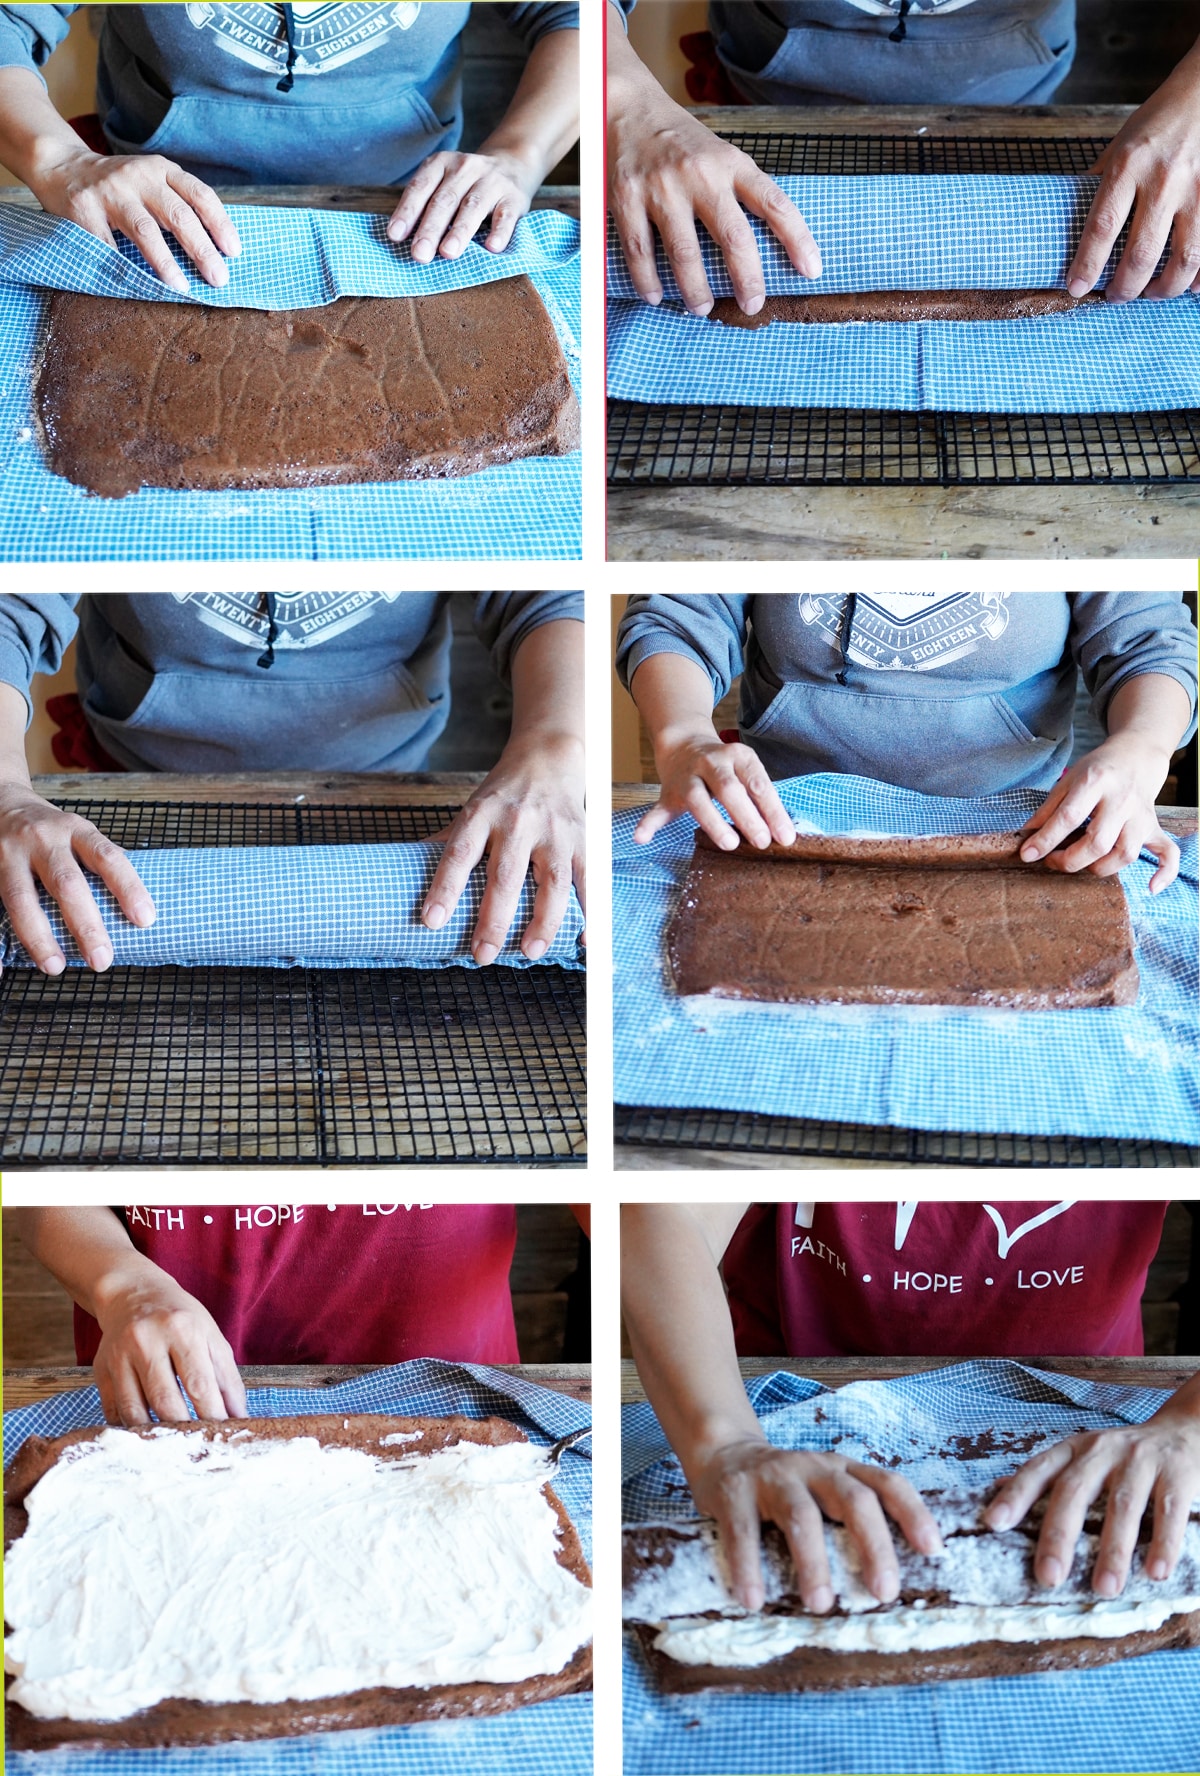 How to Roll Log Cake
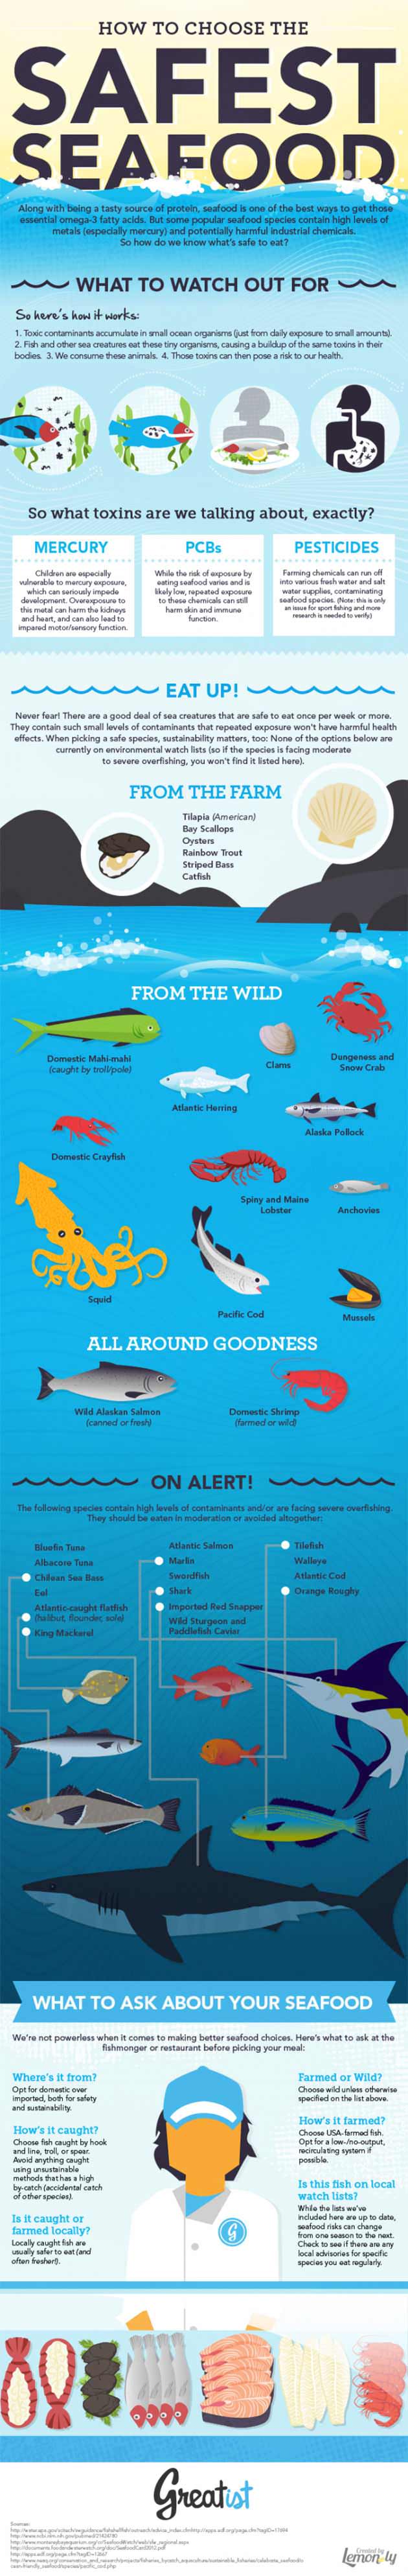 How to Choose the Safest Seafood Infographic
- - -
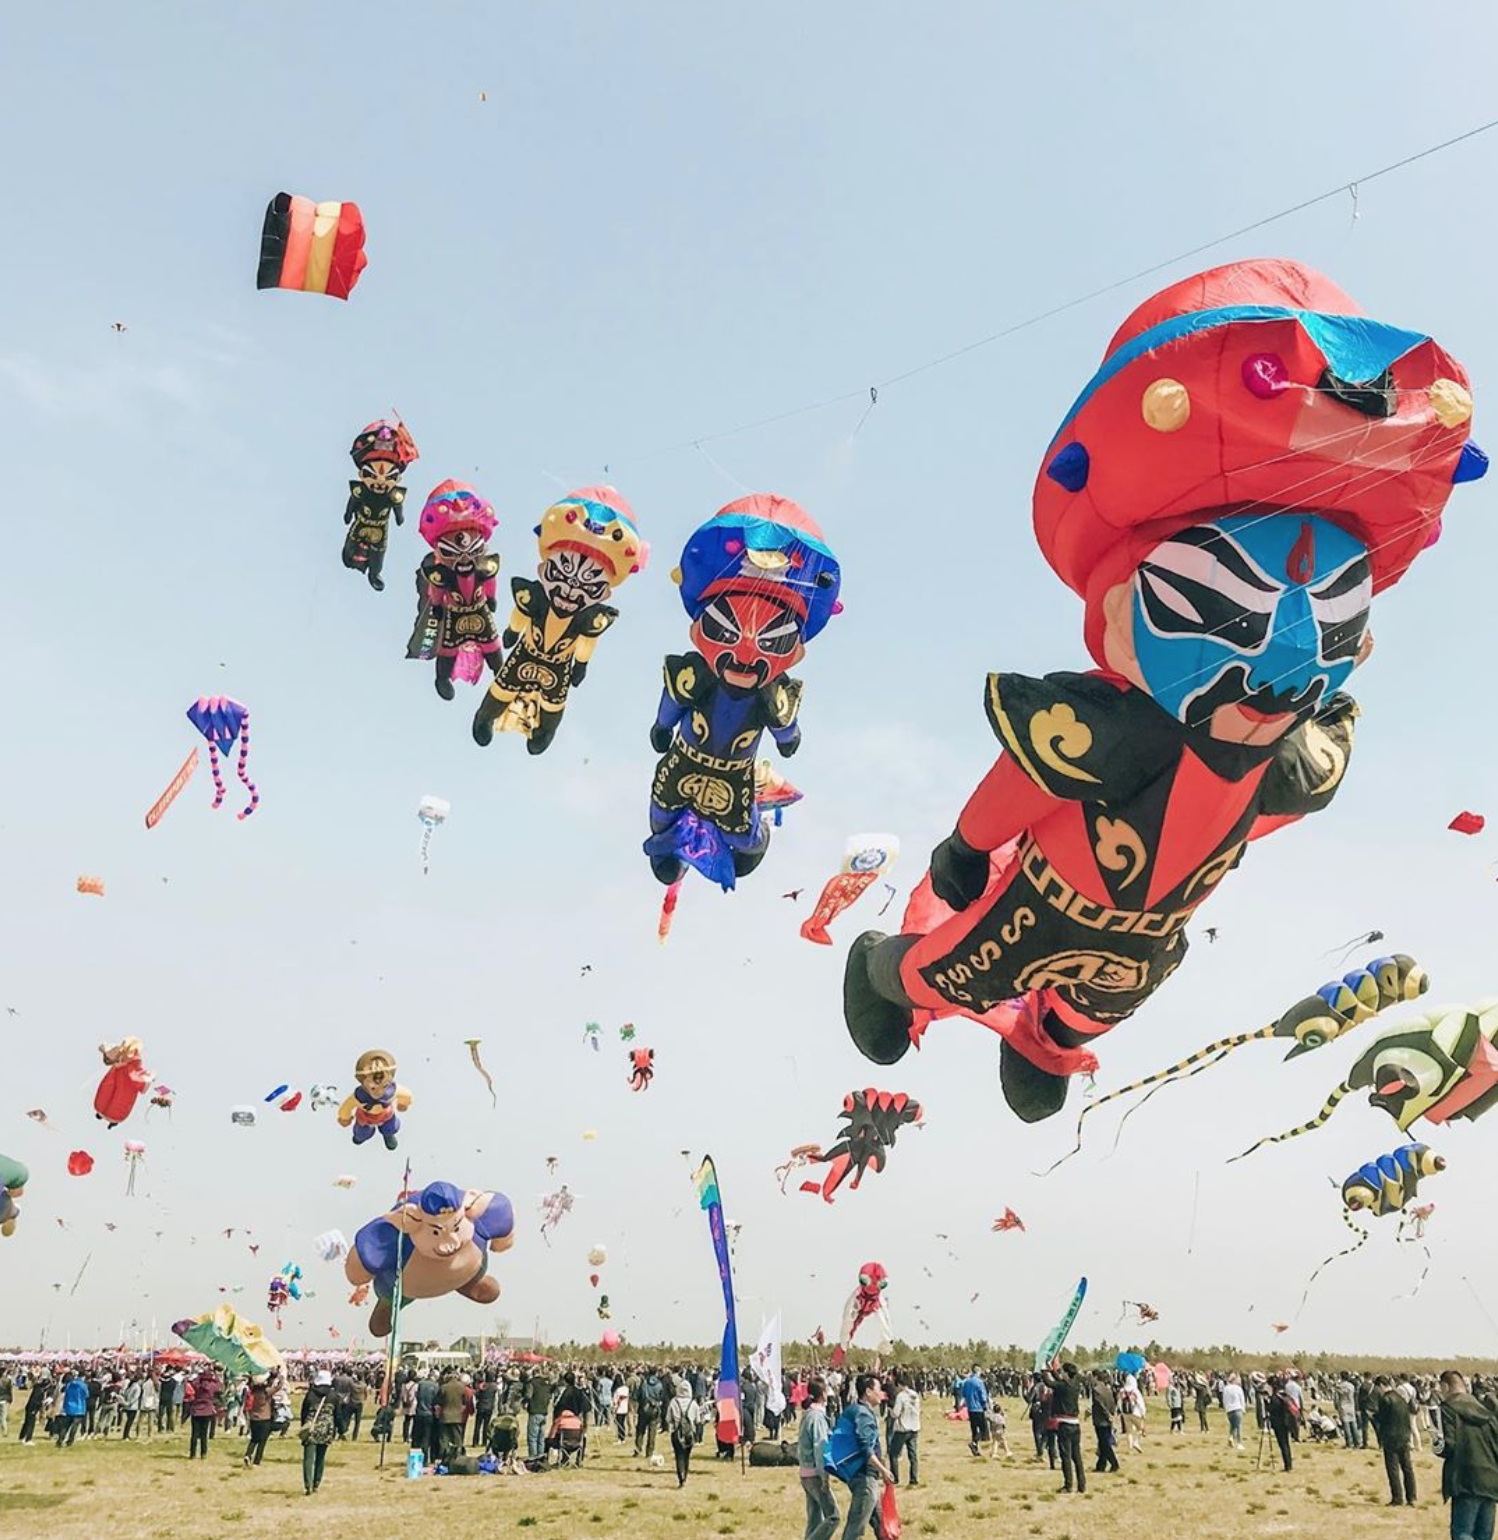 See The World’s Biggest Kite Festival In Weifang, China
- - -
◆ **What to work on**: In the records above, find the line with "How to Roll Log Cake" and the line with "How to Choose the Safest Seafood Infographic", then restate word for word only those two lines and all lines between, omitting pictures.

◆ **Output of the exercise**:
 How to Roll Log Cake
 How to Choose the Safest Seafood Infographic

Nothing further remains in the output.